When \(c = \frac{1}{\alpha }-\frac{\ln \ln (t^{\alpha })}{\alpha \ln n}\),

$$\begin{aligned} n^{1-c\alpha }&= n^{1-(1-\frac{\ln \ln (t^{\alpha })}{\ln n})} \nonumber \\&= n^{\frac{\ln \ln (t^{\alpha })}{\ln n}} \end{aligned}$$
(1)
$$\begin{aligned}&= (n^{\ln (\ln (t^{\alpha }))})^{\frac{1}{\ln n}} \end{aligned}$$
(2)
$$\begin{aligned}&= ((\ln (t^{\alpha }))^{\ln n})^{\frac{1}{\ln n}} \end{aligned}$$
(3)
$$\begin{aligned}&= (({\alpha }\ln t)^{\ln n})^{\frac{1}{\ln n}} \end{aligned}$$
(4)
$$\begin{aligned}&= {\alpha }\ln t . \end{aligned}$$
(5)

Hence, when \(c = \frac{1}{\alpha }-\frac{\ln \ln (t^{\alpha })}{\alpha \ln n}\), \(n^{1-c}=\sqrt{n \cdot \alpha (n^c)^{\alpha -2}\ln t}\).
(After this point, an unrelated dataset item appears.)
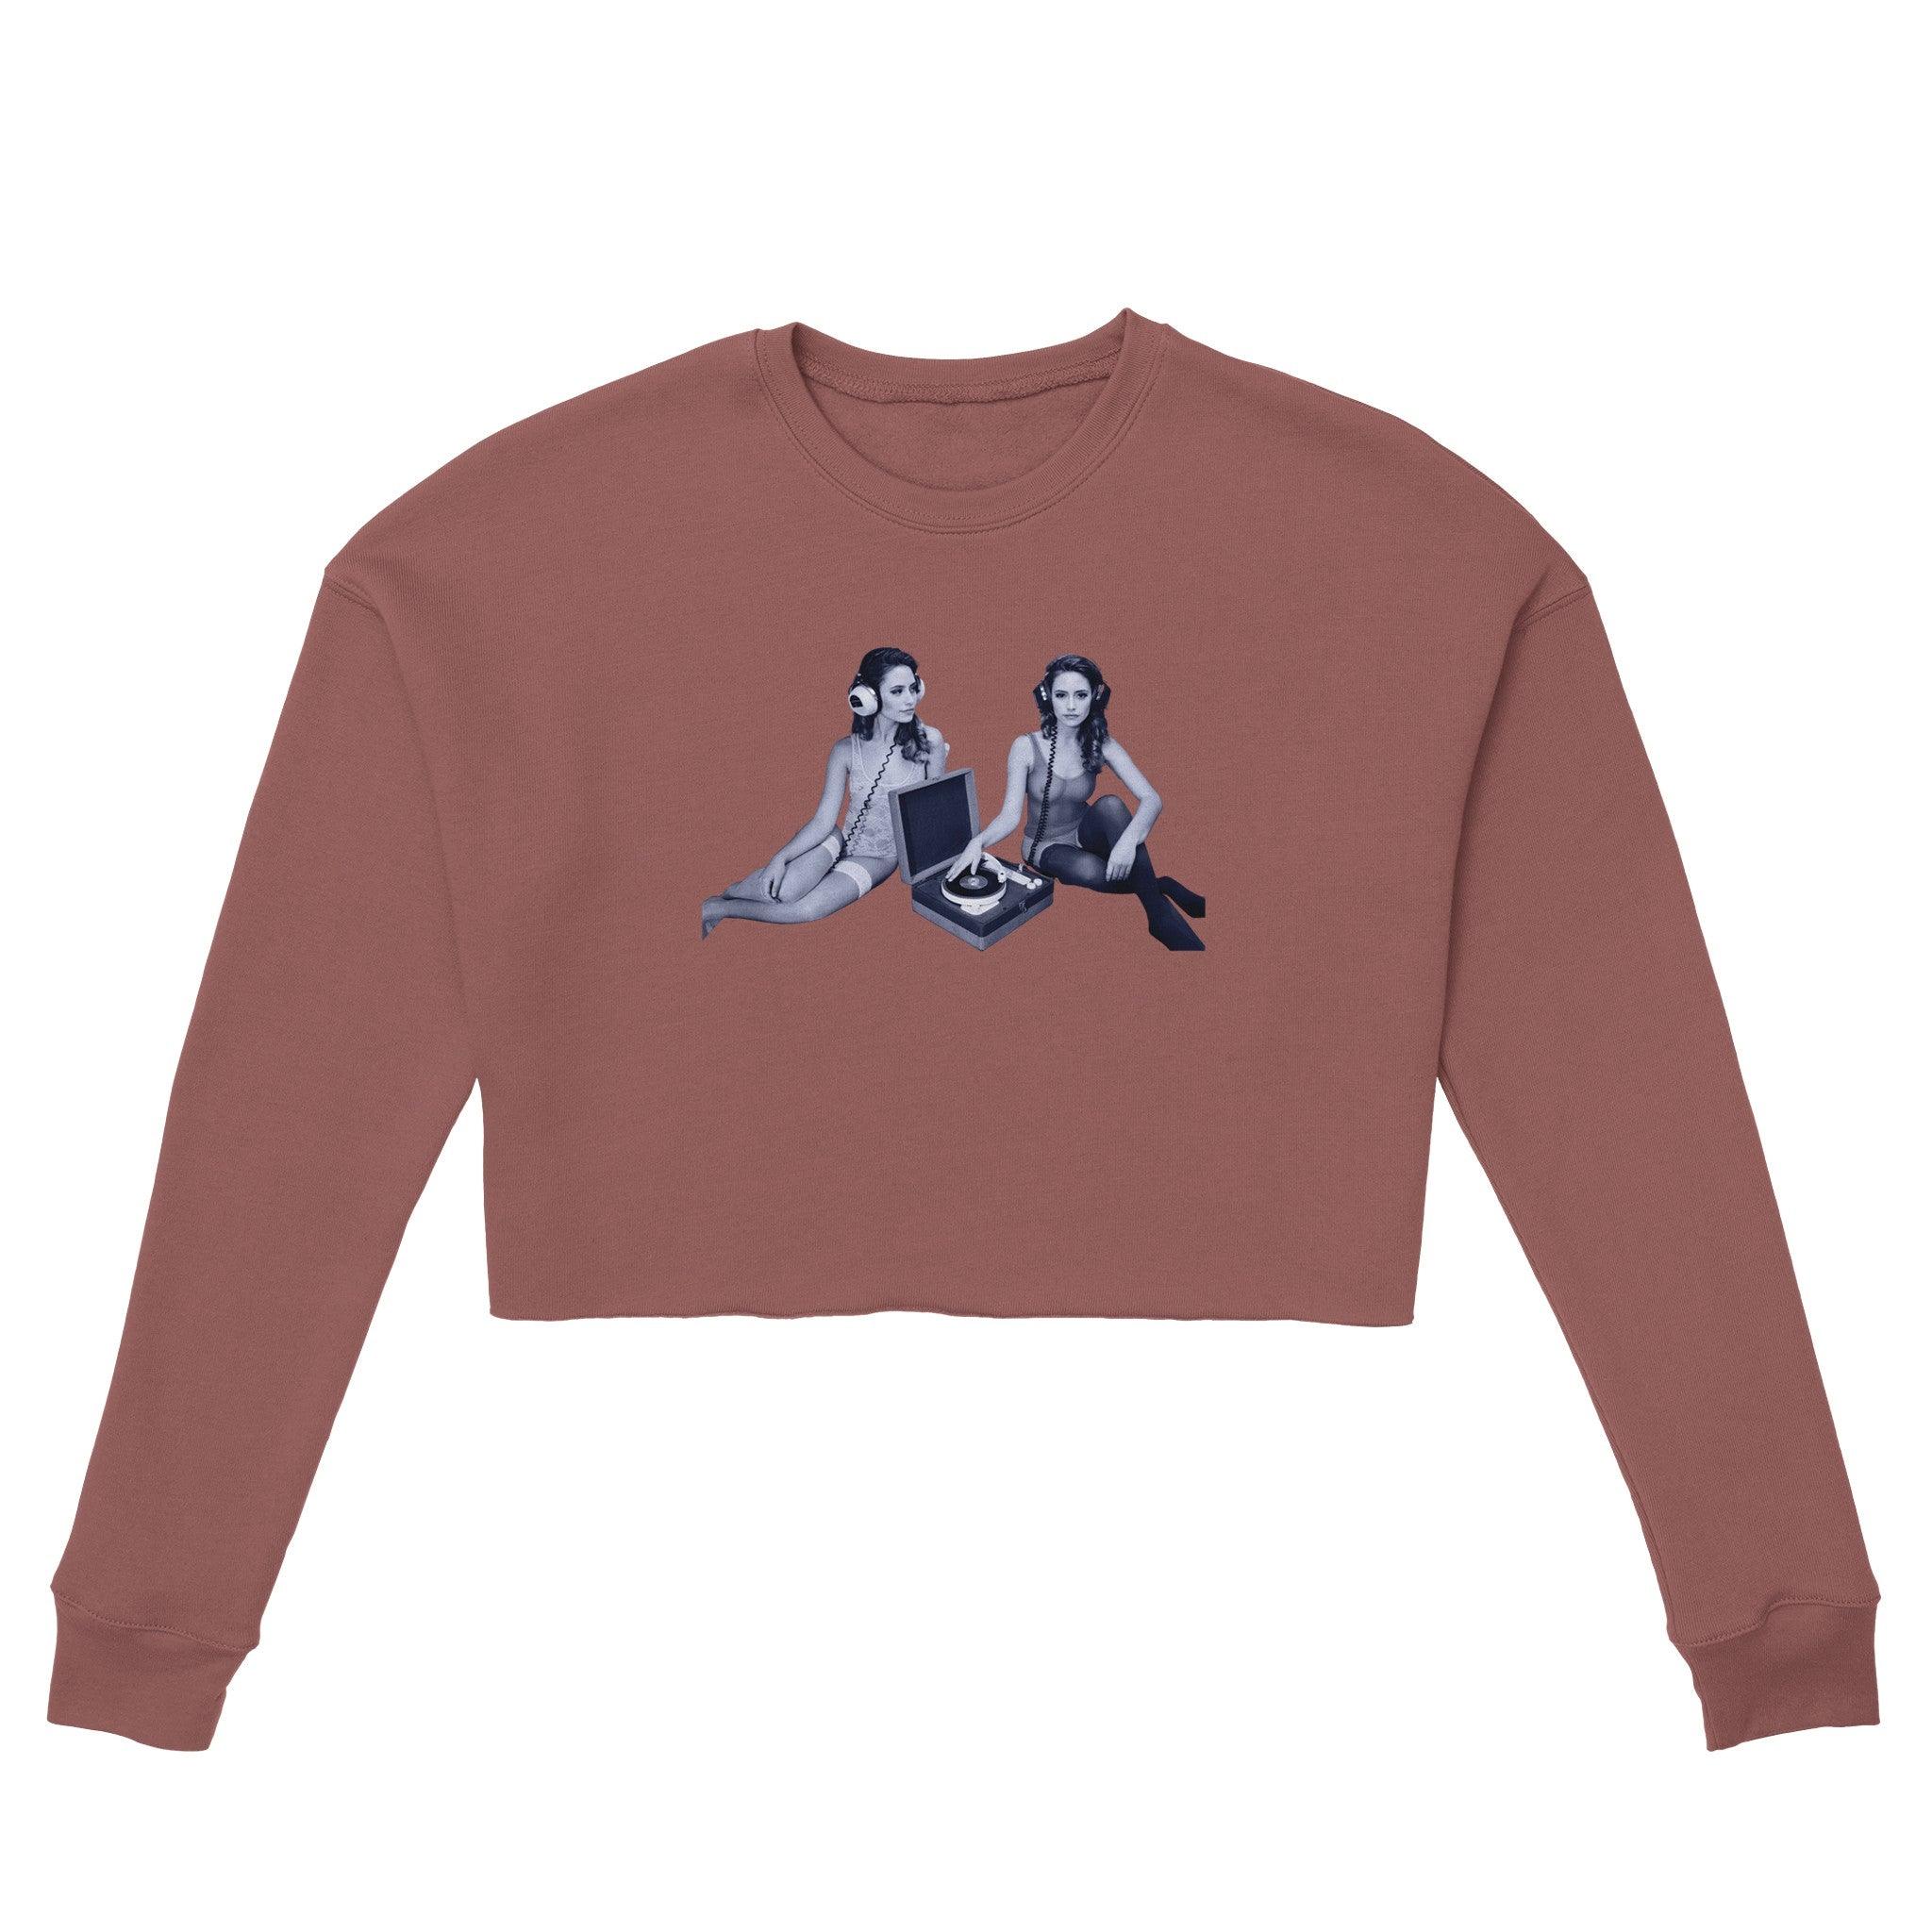 'Pre-Party' Cropped Sweatshirt - POMA

Finally, when \(c = \frac{1}{\alpha }-\frac{\ln \ln (t^{\alpha })}{\alpha \ln n}\),

$$\begin{aligned} n^{1-c}&= n^{1-\frac{1}{\alpha }+\frac{\ln \ln (t^{\alpha })}{\alpha \ln n}} \\&= n^{1-\frac{1}{\alpha }} \cdot n^{\frac{\ln \ln (t^{\alpha })}{\alpha \ln n}} \\&= n^{1-\frac{1}{\alpha }} \cdot (n^{\frac{\ln \ln (t^{\alpha })}{\ln n}})^{\frac{1}{\alpha }} \\&= n^{1-\frac{1}{\alpha }} \cdot (\alpha \ln t)^{\frac{1}{\alpha }}. \end{aligned}$$

In the last equality, we reuse Eqs.(1)–(5).     \(\square \)

Proof of Theorem 7: Let \(R_i\) be the number of uncovered targets after round i. By a similar argument in the proof of Theorem 5, we get that \(R_i \le t(1-1/{{OPT}\atopwithdelims (){\alpha }})^i\). After \(r = {{OPT}\atopwithdelims (){\alpha }}\ln t\) rounds, the number of uncovered targets is at most one. Hence, after \(O(OPT^{\alpha }\ln t)\) rounds, all targets are covered. Let ALG be the number of elements chosen by the algorithm. Since we choose at most \(\alpha \) elements in each round, \(ALG = O(\alpha OPT^{\alpha }\ln t)\). Since \(ALG \le n\), \(ALG = O(\sqrt{n \cdot \alpha OPT^{\alpha }\ln t})\).

Let \(c = \frac{1}{\alpha }-\frac{\ln \ln (t^{\alpha })}{\alpha \ln n}\). When \(OPT \ge n^c\), the approximation ratio is \(n^{1-c}\). When \(OPT \le n^c\), \(ALG = O(\sqrt{n \cdot \alpha OPT^{\alpha -2}\ln t})OPT = O(\sqrt{n \cdot \alpha (n^c)^{\alpha -2}\ln t})OPT\). The proof then follows from Claim 1 and \(\alpha ^{\frac{1}{\alpha }}=O(1)\).     \(\square \)

2.2 The Second Algorithm

The second algorithm is designed for the 1-DR-\(\alpha \) problem when \(\alpha \ge 5\). It has a better approximation ratio than that of the previous algorithm when \(\alpha \ge 5\). The algorithm is suggested in Lemma 1: We first find a dominating set D by any \(O(\log n)\)-approximation algorithm. Let \(D' = D\). For any two vertices u and v in D, if \(m(u,v) \le 3\), we then add at most three vertices to \(D'\) so that \(m^{D'}(u,v) \le 3\).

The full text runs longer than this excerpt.